New health data from the Australian Institute of Health and Welfare (AIHW) recently revealed potentially avoidable deaths and hospitalisations are up to three times higher in remote and very remote areas, compared with major cities.
The number of non-hospital, non-referred attendances per person are also lowest in remote and very remote communities.
It is why the Alliance’s Chief Executive, Susi Tegen, is now pleading for urgent investment into rural health, especially in primary healthcare, MBS expenditure, and private hospitals.
‘The need for greater and more strategic investment in the health of rural Australians is urgently felt and must be addressed,’ she said.
‘We have a social and economic contract to do so.’

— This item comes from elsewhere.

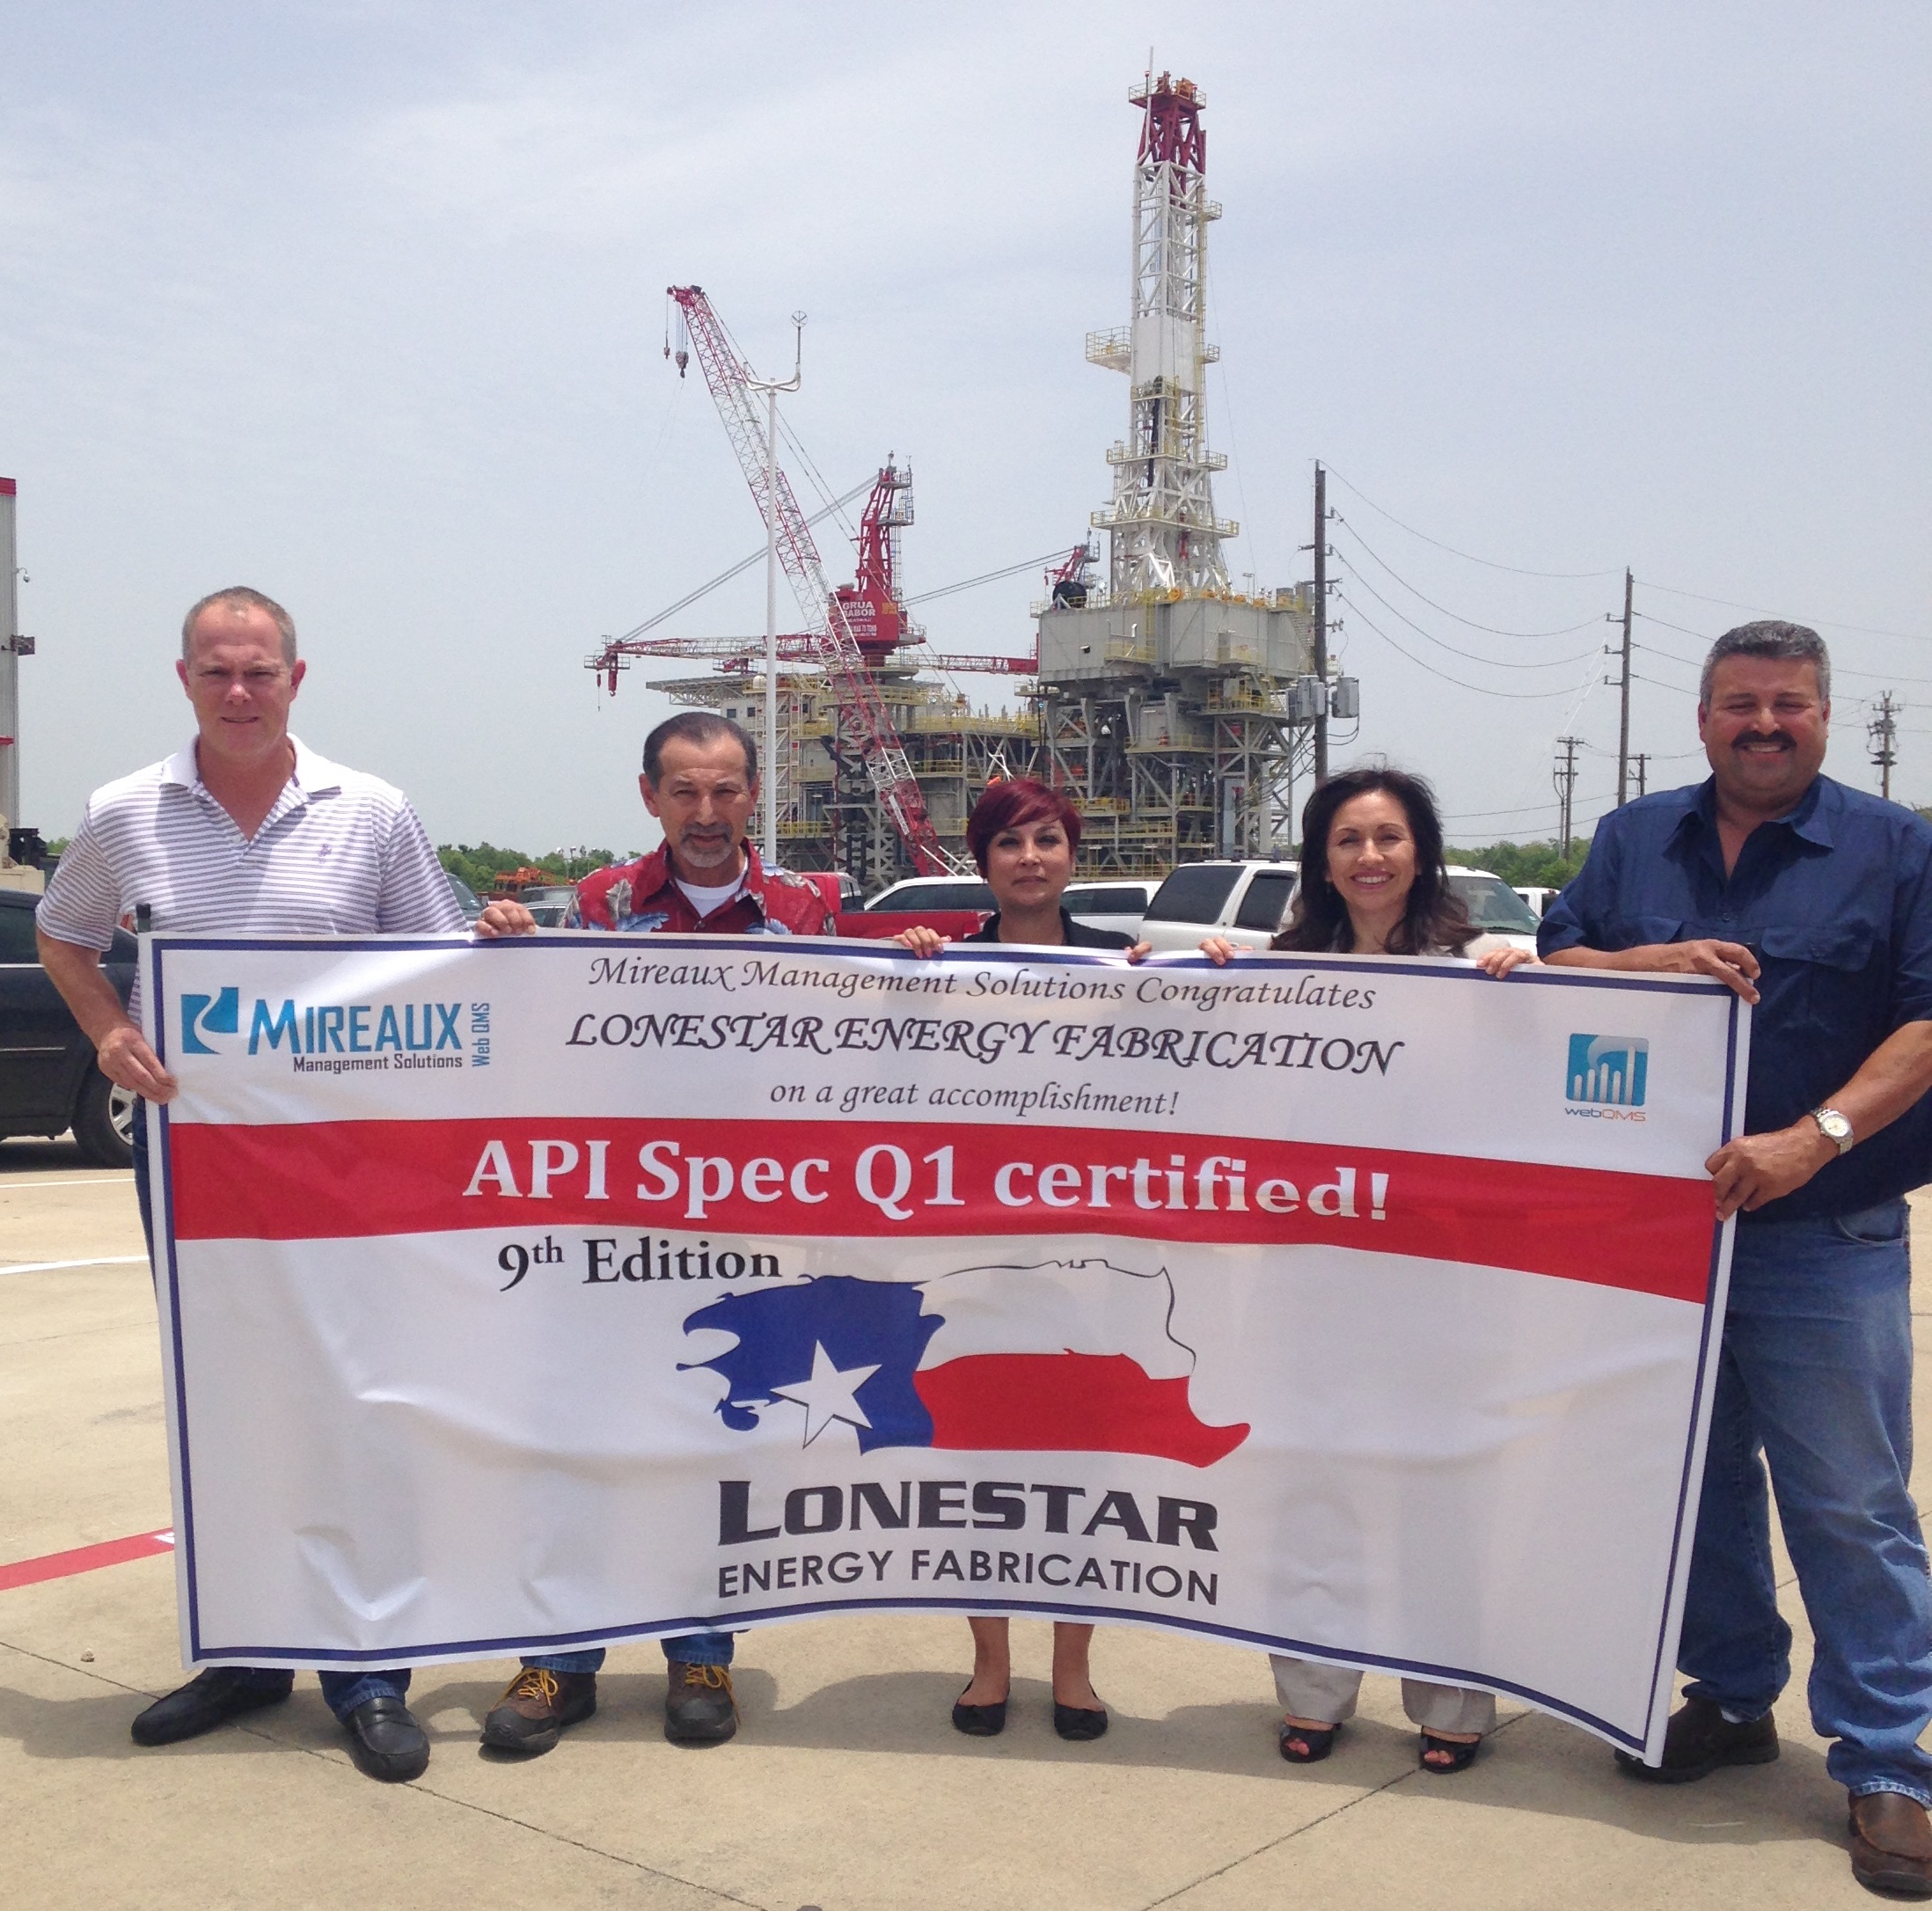 Lonestar Energy Fabrication team celebrates ISO 9001 certification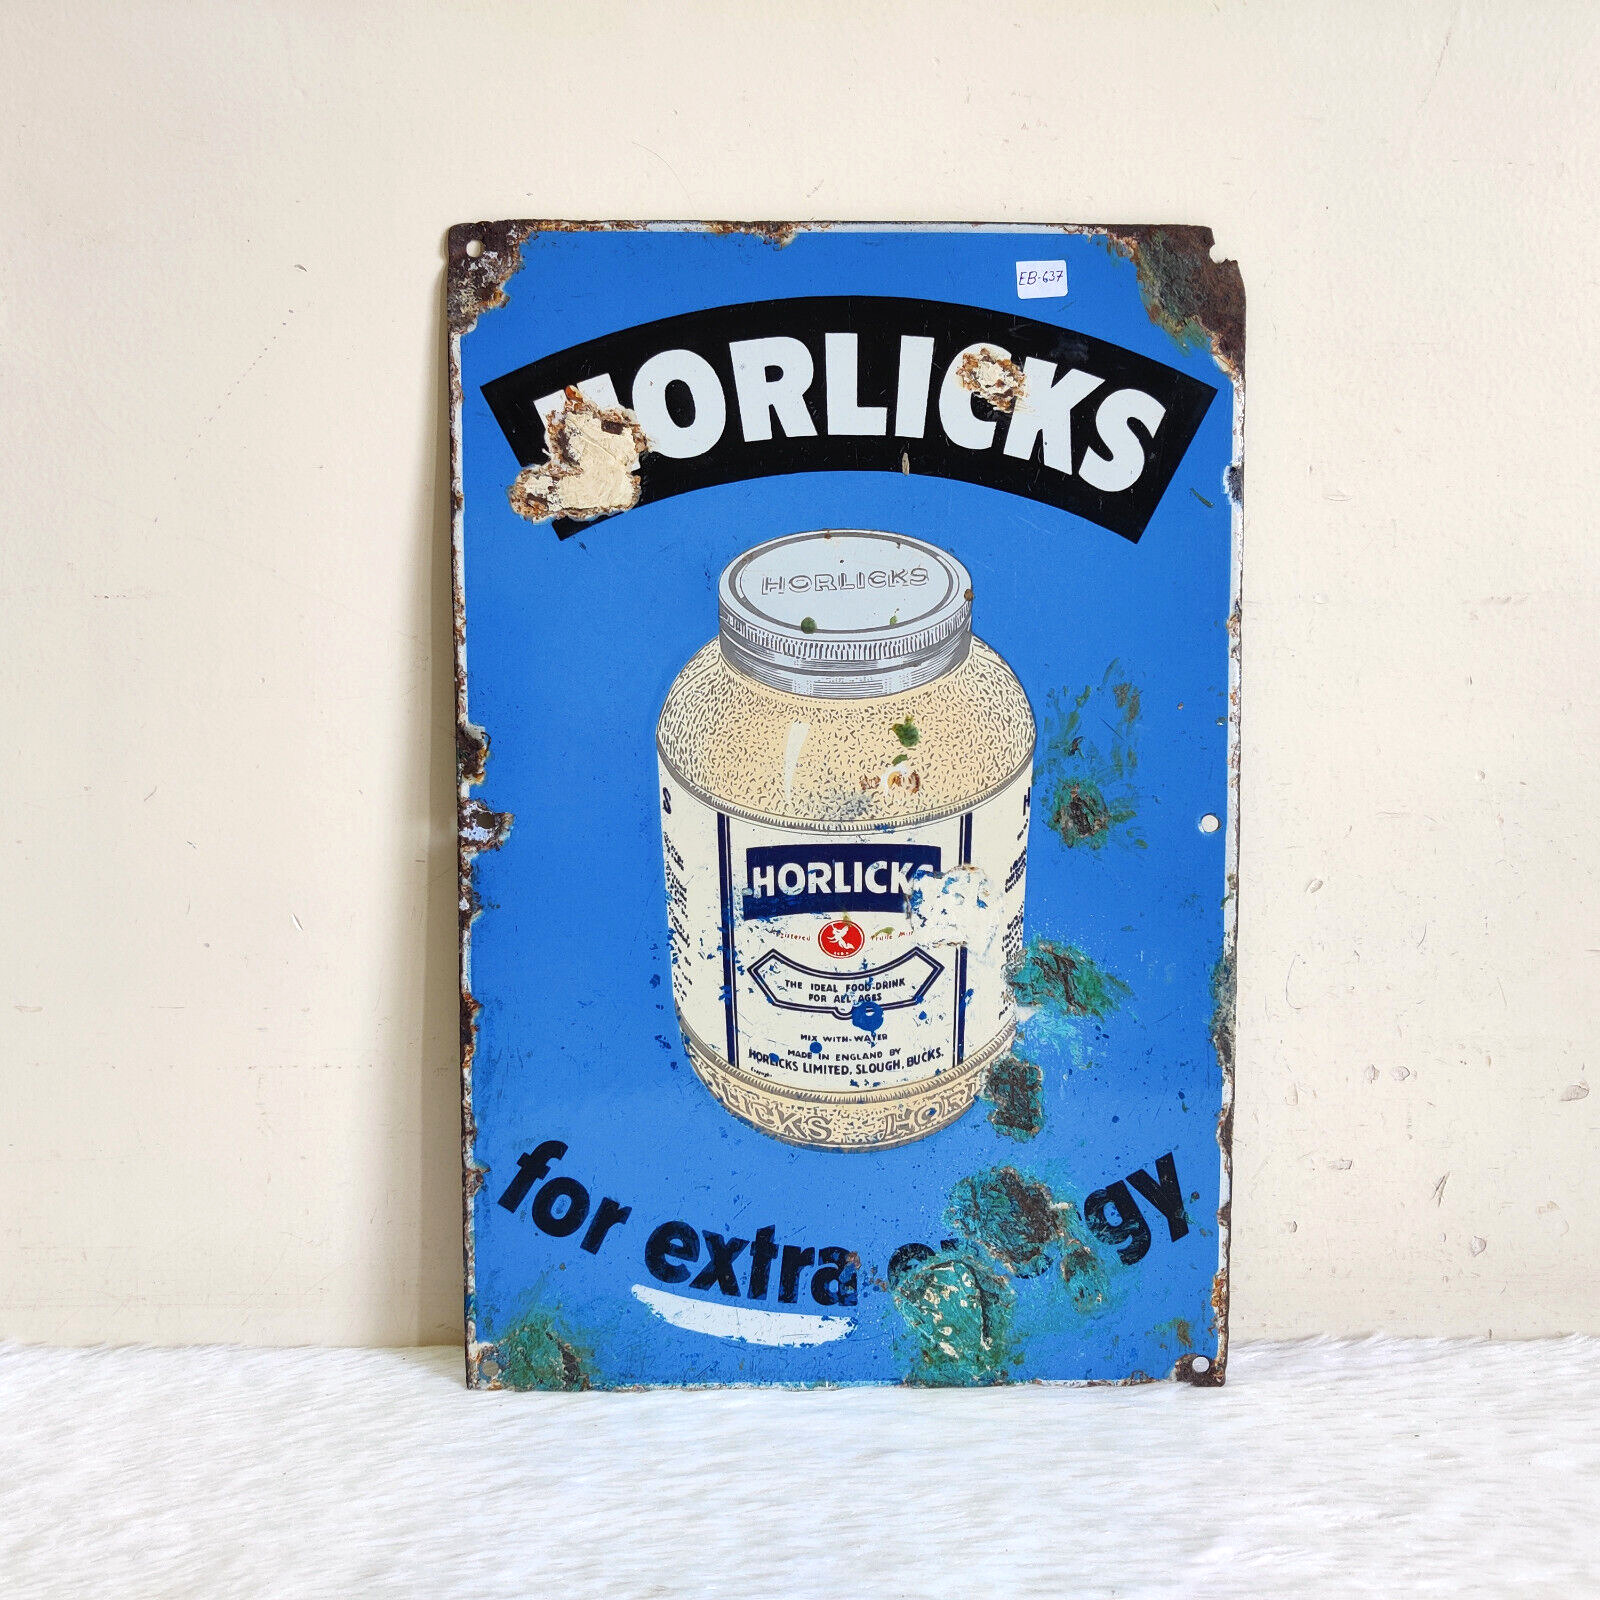 1930s Vintage Horlicks Food Drink Advertising Enamel Sign Board England EB637

The tiny Queensland town of Karumba on the Gulf of Carpentaria is home to just 500 people. (Image: Michael Clements)
These access issues are also not limited to Australia’s northern regions.
Almost 3000 kilometres to the south, the regional New South Wales town of Jindabyne is almost as far from Karumba as you can get, but the problems are all too familiar.
Dr Vicki Mattiazzo is a local GP who also works for the Royal Flying Doctor Service, and has seen firsthand the impact a lack of healthcare options is having on the rural communities she visits.
‘I love rural medicine, it’s my joy. I love the relationships, I love the stories, I love knowing my patients, but I definitely see in practice the things the data is articulating,’ she told newsGP.
‘A lot of people are put off and a lot of people will say, “oh, I’m not even going to bother making an appointment because it’s six weeks away”, and they’re angry about that and so they put off healthcare.
‘It’s frustrating as a doctor because you’re not providing the best healthcare that you can.’
Associate Professor Clements said there is still a lack of the funding systems required to support remote and rural healthcare.
‘Our engagements with the state politicians tend to lead us to discussions where they blame the Federal Government and say, “well it’s a Federal problem to fix”, but in reality, it’s everybody’s problem,’ he said.
‘The reason why we haven’t fixed it yet is because it’s complex, because it does actually require state and federal governments to co-fund and work together.
‘We need to do better.’
That lack of funding comes despite the recently released Nous Report quantifying the rural health deficit at $6.55 billion annually, which equates to around $850 per person, per year.
It revealed the total burden has also risen to 244 disability-adjusted life years per 1000 population in remote and very remote areas.
While Dr Mattiazzo says there is no simple or easy solution to Australia’s rural healthcare crisis, an injection of resources and staff is desperately needed to keep everyone healthy, no matter their address.
‘We shouldn’t be having to tell people with non-acute illnesses to go to the hospital,’ she said.
‘That’s not an appropriate use of hospital services – but for people in a lot of places in rural Australia, that is their only option.
‘We need to be training more rural kids to take on roles in healthcare in their own communities.
‘I really strongly believe that in the future, it is all about increasing pathways for rural kids to have great access to have careers in rural health.’
Associate Professor Clements agrees, saying bold action is needed if anything is to change in some of Australia’s most remote communities.
‘We need to be brave with our funding models where each community has the option to do it, use the different funding sources, to do what’s best for them and what’s appropriate,’ he said.
‘We need a bit of bravery amongst the bureaucrats to try these different systems and at the moment, we don’t have a lot of that.’